- [WORK ORDER] Below, find the line containing "I will remain" and the line containing "Alpaca, Vicugna pacos, whispering"; reproduce exactly those two and every line between them, omitting pictures.

- [MATERIAL SUPPLIED]

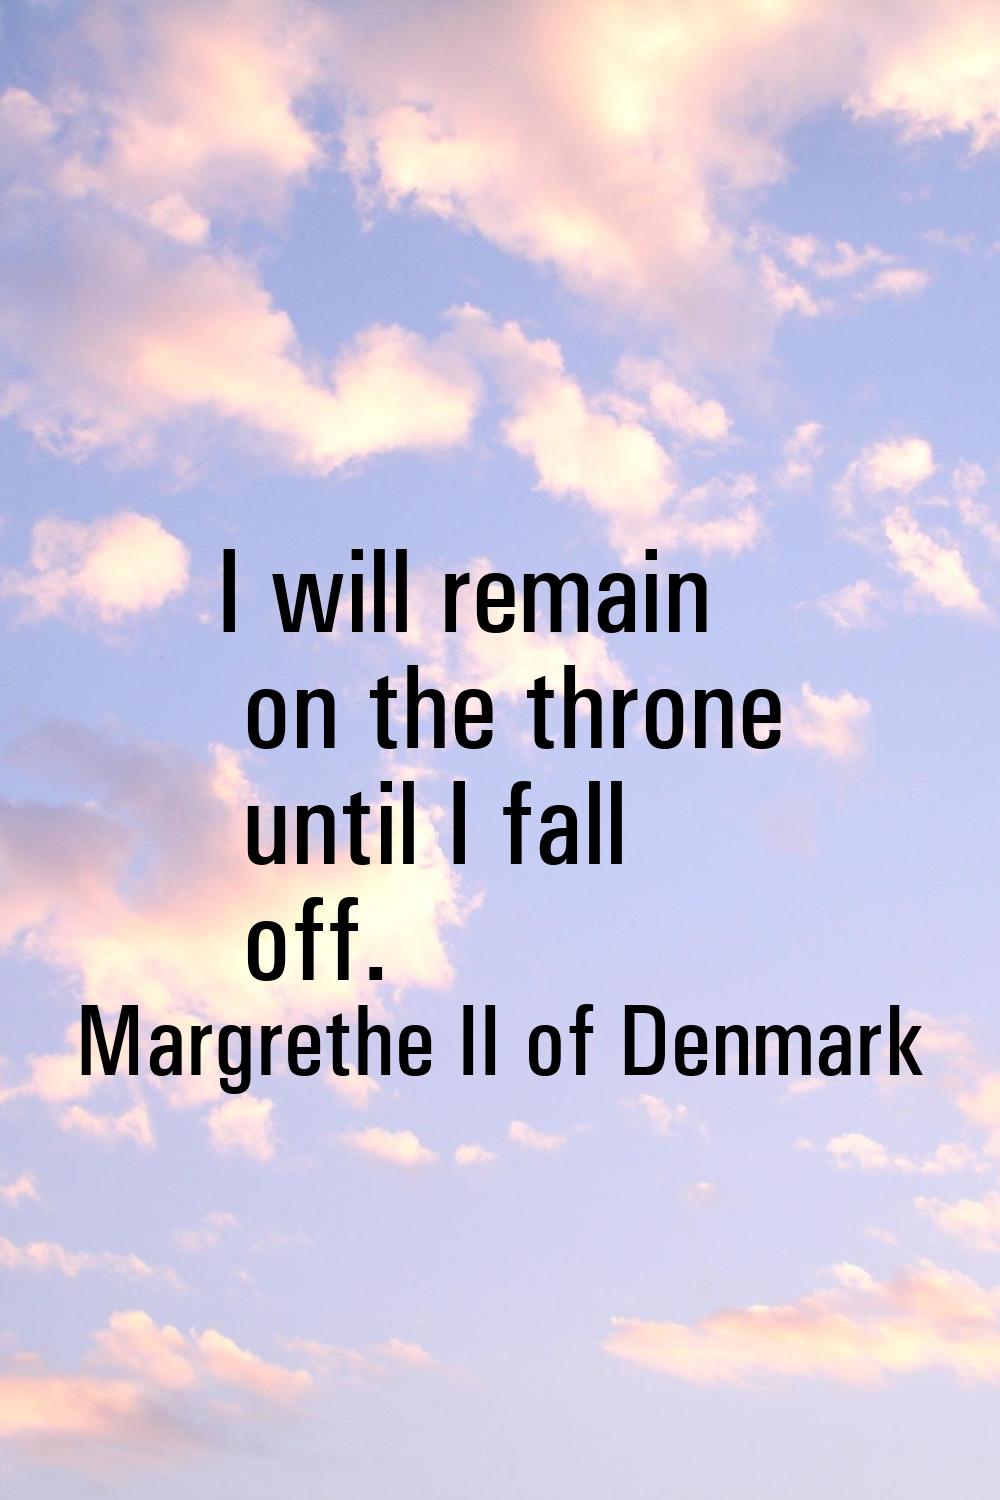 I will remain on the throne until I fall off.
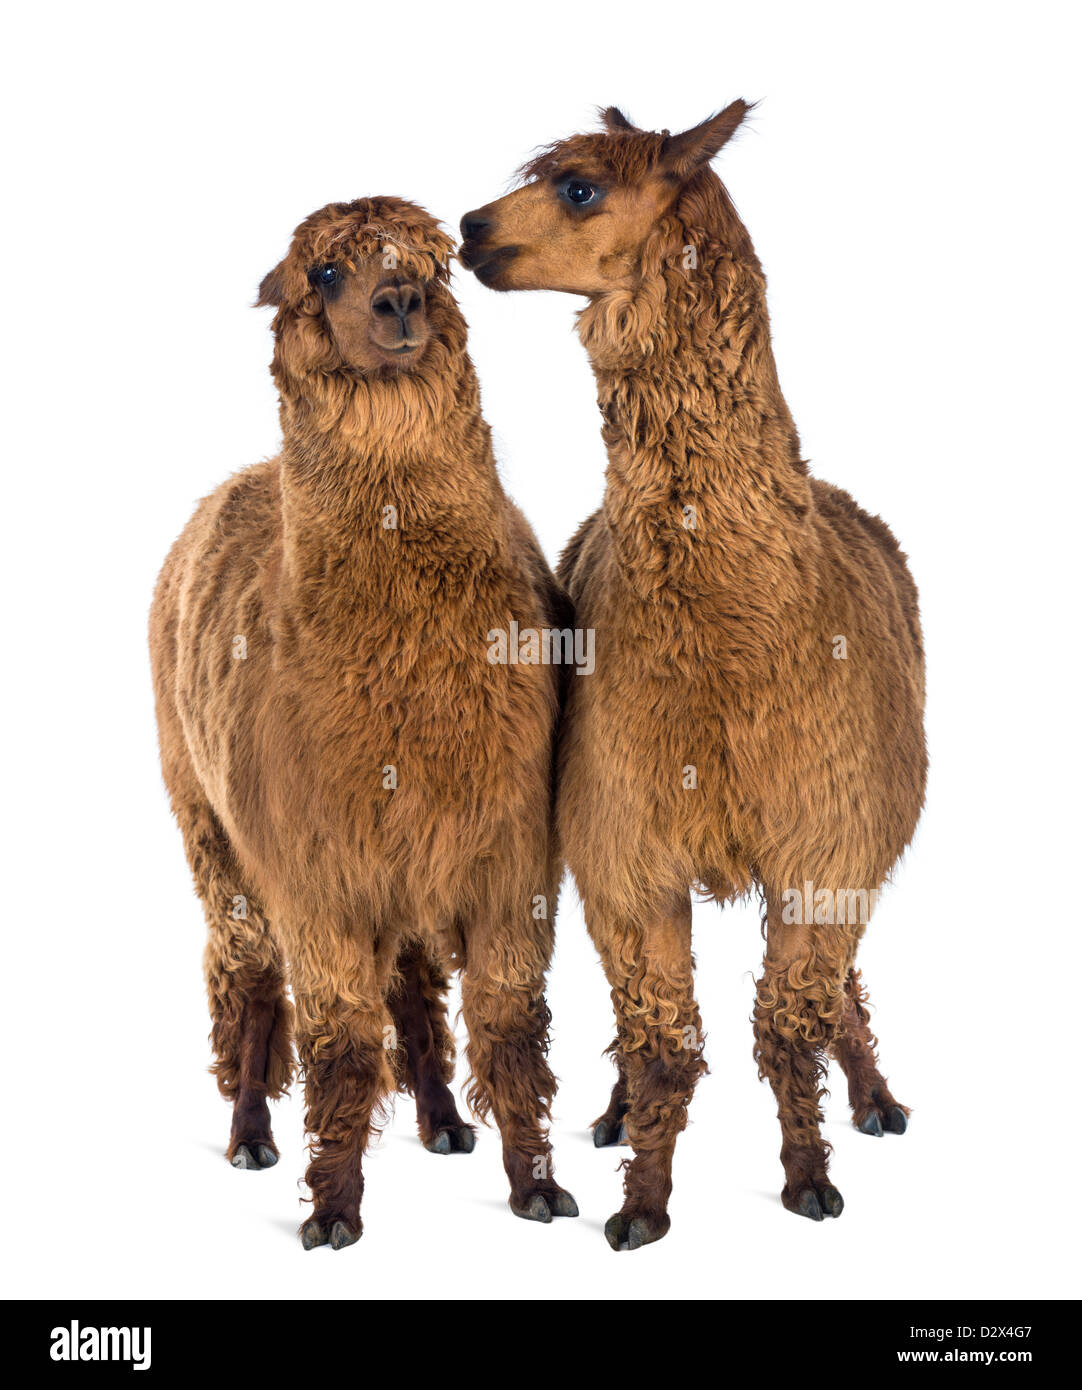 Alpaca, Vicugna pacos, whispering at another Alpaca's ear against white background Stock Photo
==
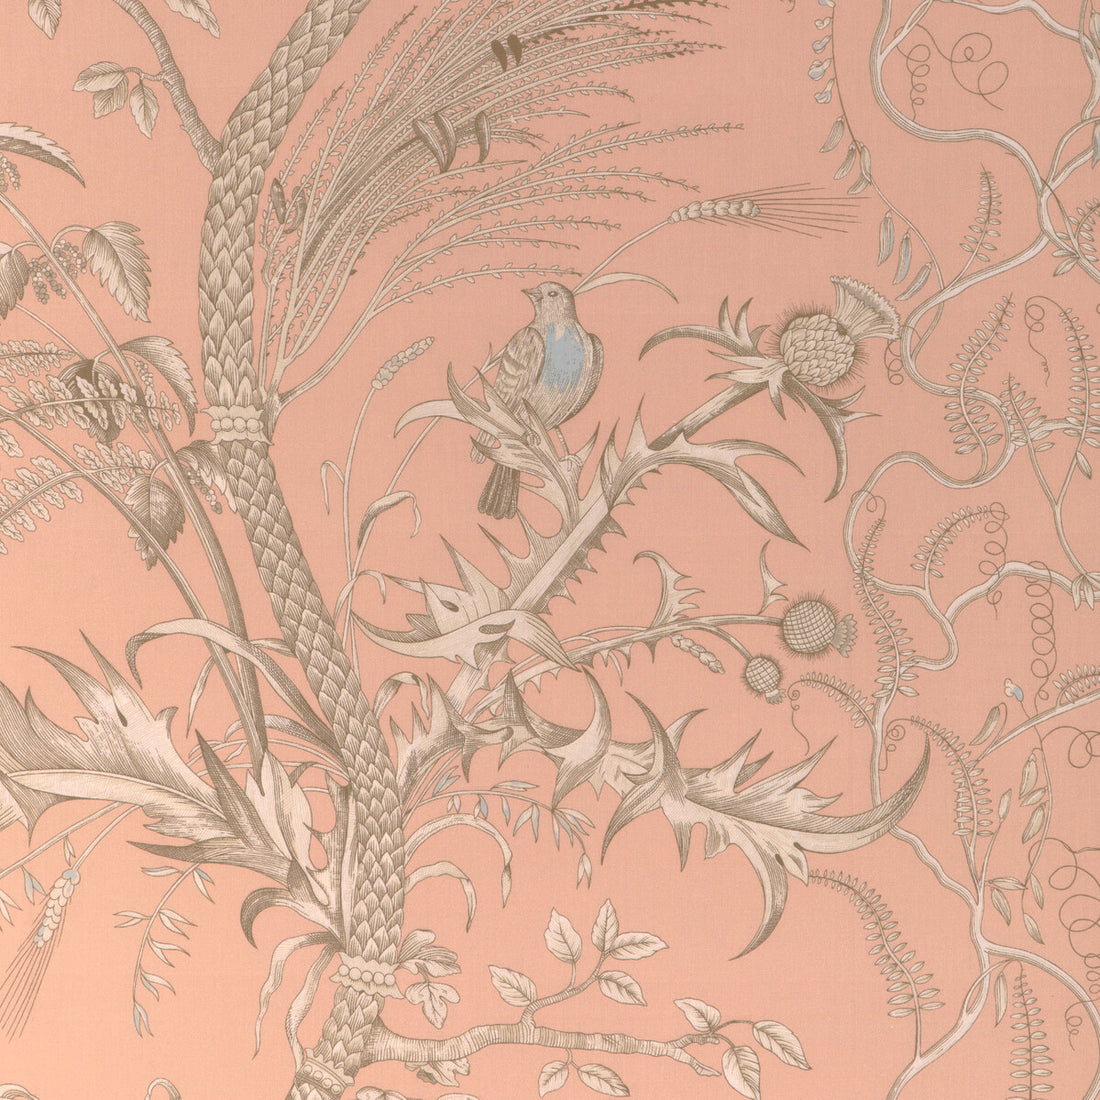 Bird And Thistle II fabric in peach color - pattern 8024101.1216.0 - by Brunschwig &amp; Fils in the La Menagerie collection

- [RESPONSE AREA]
 I will remain on the throne until I fall off.
 Alpaca, Vicugna pacos, whispering at another Alpaca's ear against white background Stock Photo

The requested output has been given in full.